Satrustegui – sempre trascinando Pedro – si avvicinò a quella che una volta era stata la reception e salutò la donna in uniforme seduta dietro il bancone: «Dolores, come butta? Io ne ho prelevato un altro; si chiama Pedro Basquets. Vedi un po’ che dice il registro degli ospiti, per favore».
Dolores, una biondina slavata e secca, inarcò le sopracciglia dietro gli spessi occhiali, prese in mano un registro, lo consultò e disse: «Chiedi a Josè Aparecio, qui all’ammezzato a sinistra».

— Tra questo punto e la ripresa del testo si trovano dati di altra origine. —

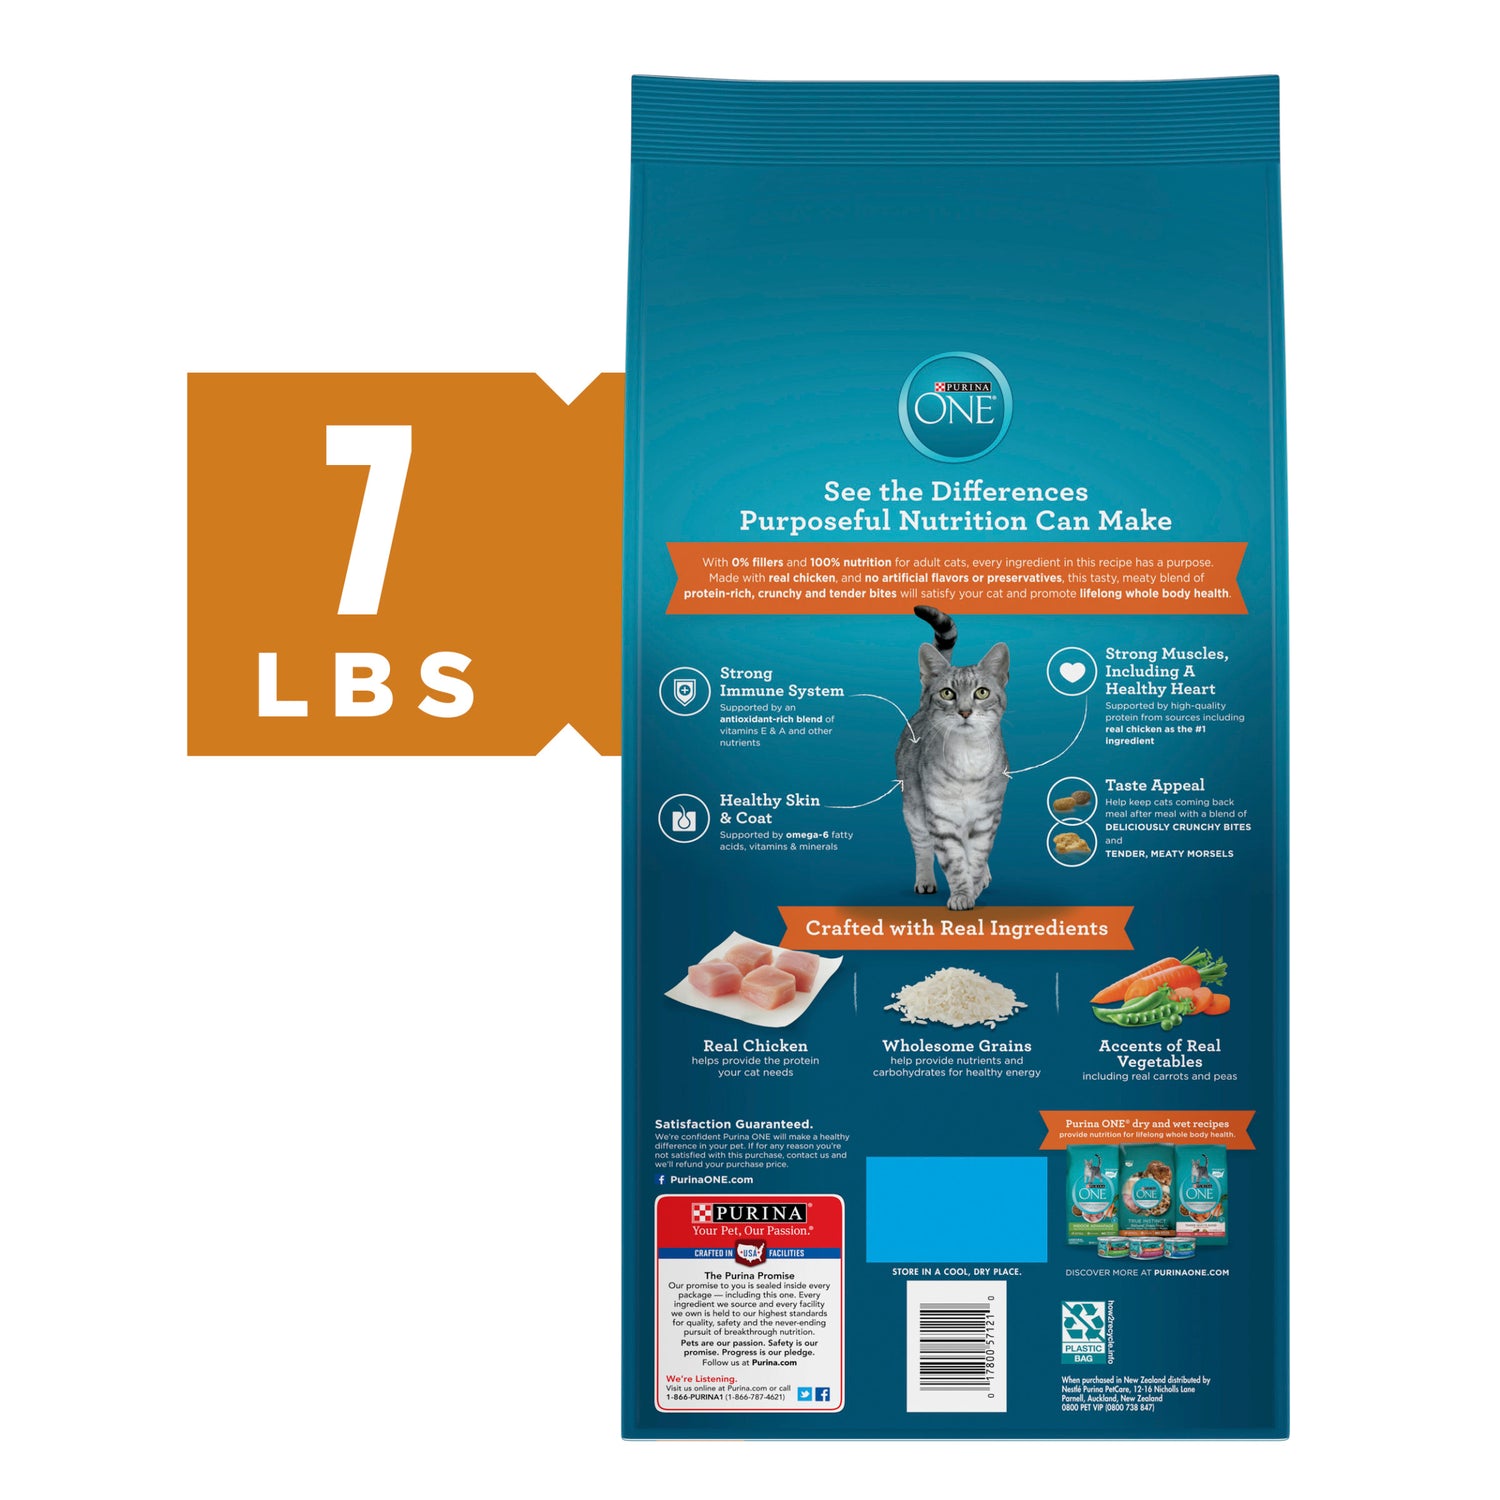 Purina ONE Natural Dry Cat Food, Tender Selects Blend with Real Chicken, 7 Lb. Bag

Satrustegui ringraziò e sospinse Pedro verso la direzione indicata. Un paramilitare li incrociò e si avvicinò all’uomo col trench, sussurrandogli qualcosa all’orecchio. Gli occhi piccoli e cattivi di quel mastino umano mandarono bagliori sinistri, mentre replicava con un grugnito. Dopodiché si rivolse a Pedro: «Lei salga le scale e si avvicini alla persona che vedrà dietro la scrivania. Si chiama Josè Aparecio. Gli comunichi il suo nome e si attenga alle istruzioni. È tutto. Vada».
Appena ebbe pronunciato quelle parole, girò sui tacchi e se ne andò senza più voltarsi. Pedro restò per un attimo confuso e incapace di prendere una decisione. «Proseguire o tentare la fuga?» si chiese. Ammise quasi subito che la seconda ipotesi era impraticabile e si vide costretto a proseguire nell’iter della sua convocazione, con una rassegnazione che lo avvilì.

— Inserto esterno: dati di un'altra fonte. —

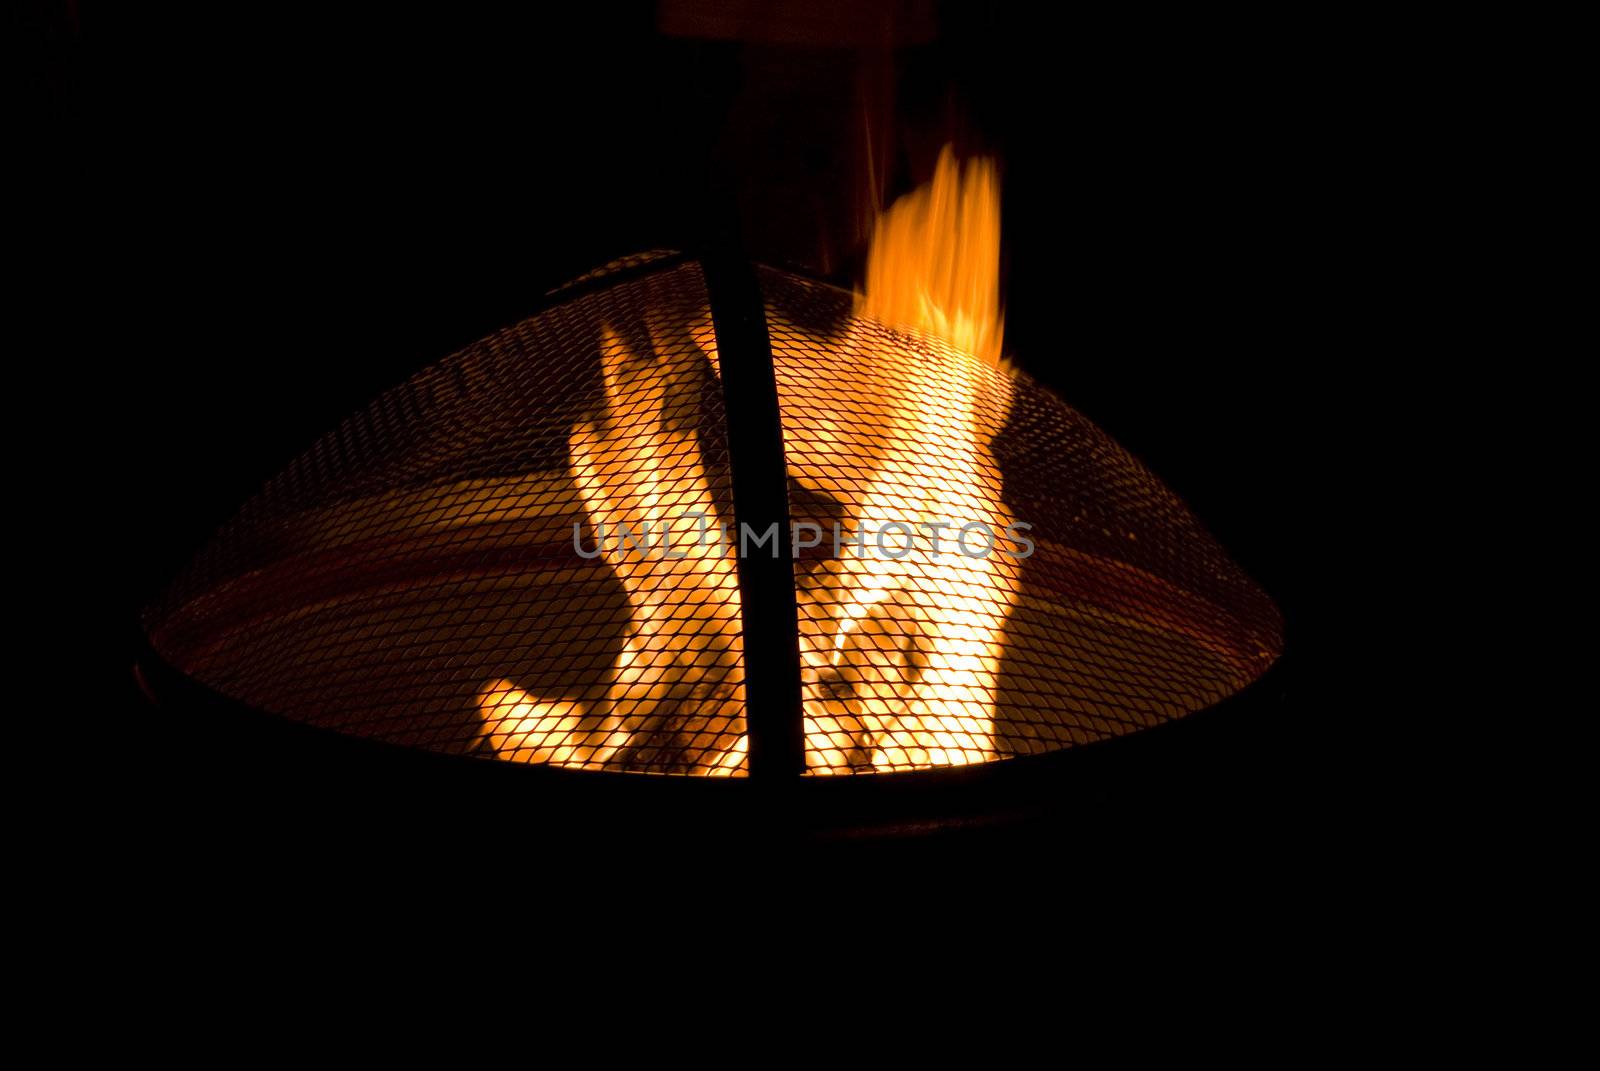 A shot of a blazing hot fire bowl.  Fire tables and bowl have been one of the most popular patio items in the US in recent years.

Dopo l’ultimo scalino, vide, piazzata a una dozzina di metri, una piccola scrivania coperta da almeno una decina di faldoni. Dietro la stessa, sedeva un uomo bene in carne, con piccoli baffi e una capigliatura impomatata, che alzò il capo appena in tempo per squadrare, con aria supponente, lo sconosciuto in procinto di fermarsi davanti a lui. A fatica, Pedro pronunciò il proprio nome e l’individuo – che, sebbene seduto, gli diede l’impressione di scrutarlo dall’alto in basso – per tutta risposta fece una smorfia. Poi prese un faldone e lo sfogliò, infine tolse alcune pagine, le unì con una graffetta e le porse al convocato. «Ecco il suo fascicolo. Prenda.»
Non appena Pedro ebbe obbedito, l’uomo si alzò e gli ordinò di tenere le braccia e le gambe divaricate.
«Devo perquisirla» dichiarò, facendo scorrere le mani addosso a Pedro, finché non gli trovò qualcosa nella tasca posteriore dei pantaloni. «E questi che accidente sarebbero?»
«Ehm… datteri, datteri ricoperti di cioccolato. Una mia specialità. Mi hanno consigliato di…»
«Requisiti!» esclamò l’uomo deciso, buttando il pacchettino sulla scrivania. Non pago, tolse a Pedro anche chiavi e portafoglio e li gettò vicino ai datteri. Subito dopo si sedette di nuovo e compilò una sorta di ricevuta prestampata. Una volta compiuta l’operazione, prese un foglio, vi scrisse qualcosa e lo firmò, apponendovi anche un timbro.
«Salga al secondo piano, stanza 201. Entri e consegni alla persona preposta foglio e fascicolo. La ricevuta, invece, la tenga.»
Pedro esitò per qualche secondo ma, quando le iridi nere come la pece del paramilitare gli perforarono l’anima, si diresse senza fiatare agli ascensori, salvo sentirsi riprendere da Aparecio con tono aspro: «Gli ascensori sono riservati al nostro personale. Salga a piedi».
In pochi minuti, Pedro raggiunse il piano indicatogli, sul quale, non lontano dalle scale, sostava un piccolo capannello di paramilitari. Il più alto di loro stava improvvisando una specie di danza vagamente scimmiesca, mentre riferiva un aneddoto.
«No, dico, quella india lì era piccola ma ben fatta e con due tette da resuscitare quello che s’è buttato dalla finestra stasera. Ed era della misura adatta, perché quando s’è sdraiata nuda sul biliardo, con le gambe ben aperte e gridando “ancora, ancora”, ha chiesto che le palle in avorio imbucassero la sua… be’, e tu chi saresti?»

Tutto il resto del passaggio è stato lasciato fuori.